The Hellenes attempt to avoid the dangers foretold in Tartarus and sail directly to Ithaca, but their efforts are thwarted by a group of wandering rocks. Passing through the strait of the Sirens, the crew's ears are blocked, but Ulysses hears and is maddened by the beauty of their song though he is horrified at their hideous appearance. When the Hellenes travel through the strait of Scylla and Charybdis, Scylla steals and eats six members of Ulysses' crew. The Hellenes arrive at Thrinacia and are stranded for thirty days because of a storm with little game to hunt. Eurylochus convinces the men to slay the cattle. Hyperion petitions Zeus for vengeance which is granted in the form of a sea storm which ends the lives of all of the Hellenes except Ulysses who floats on a raft. Ulysses awakes in Ogygia with Calypso, a daughter of the Titans, who teaches him to see the past and future in her fire though she forbids him to see his homeland. When Ulysses sends a crow to bring him word of Ithaca, the news causes him to pray to the gods to kill him if he cannot return home since Calypso forbids him from leaving her. Athene petitions Zeus for Ulysses, and Zeus sends Hermes to command Calypso to release Ulysses. When Poseidon sees Ulysses, he destroys the hero's ship. Lucky, Ino, a nereid, loans Ulysses a veil that will not sink until he swims up a river into Phaeacia.

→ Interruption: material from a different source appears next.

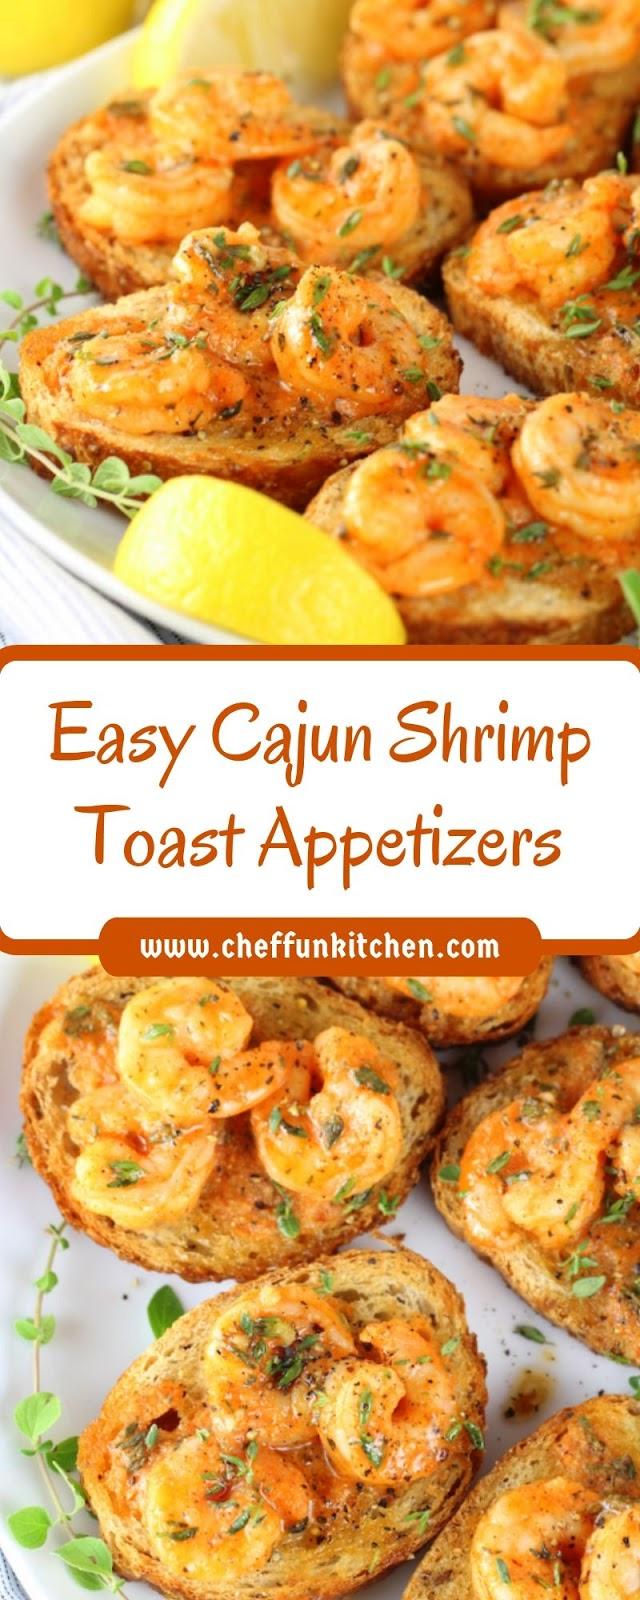 Easy Cajun Shrimp Toast Appetizers #cajunandcreolerecipes

Nausicaa, the unmarried princess of Phaeacia, rescues Ulysses on the same day that her father is warned by an oracle not to listen to sailors, storytellers or strangers. The king fears incurring the wrath of the gods by breaking the laws of hospitality so he holds a banquet in honor of his guest whom he learns is Ulysses. The king sends Ulysses to Ithaca where Ulysses lands on a lonely shore and dons the clothes of a beggar. As a beggar, Ulysses goes to the home of Eumaeus, his swineherd, who agrees to feed the beggar. That same night, Telemachus returns from searching for news of his father as a party of Penelope's suitors lie in wait to kill the prince. Athene thwarts the suitors' plot and changes herself into a swineherd to greet Telemachus and direct him to Eumaeus' hut. Ulysses cannot restrain himself from revealing his identity to his son and planning his attack on Penelope's suitors. At dusk the next day, Ulysses, dressed as a beggar, arrives at the castle where the suitors abuse him. Still disguised, Ulysses tells Penelope pleasing stories about Ulysses and convinces her to hold an archery contest to decide who her next husband will be. While Penelope announces the contest to the suitors, Ulysses arms himself. None of the suitors are able to string Ulysses' bow. Ulysses shoots an arrow through twelve axe rings and reveals himself. Ulysses, Telemachus, Eumaeus and the neatherd kill the suitors, and Ulysses claims his wife. He promises to teach Telemachus everything his son needs to know because Ulysses is home now.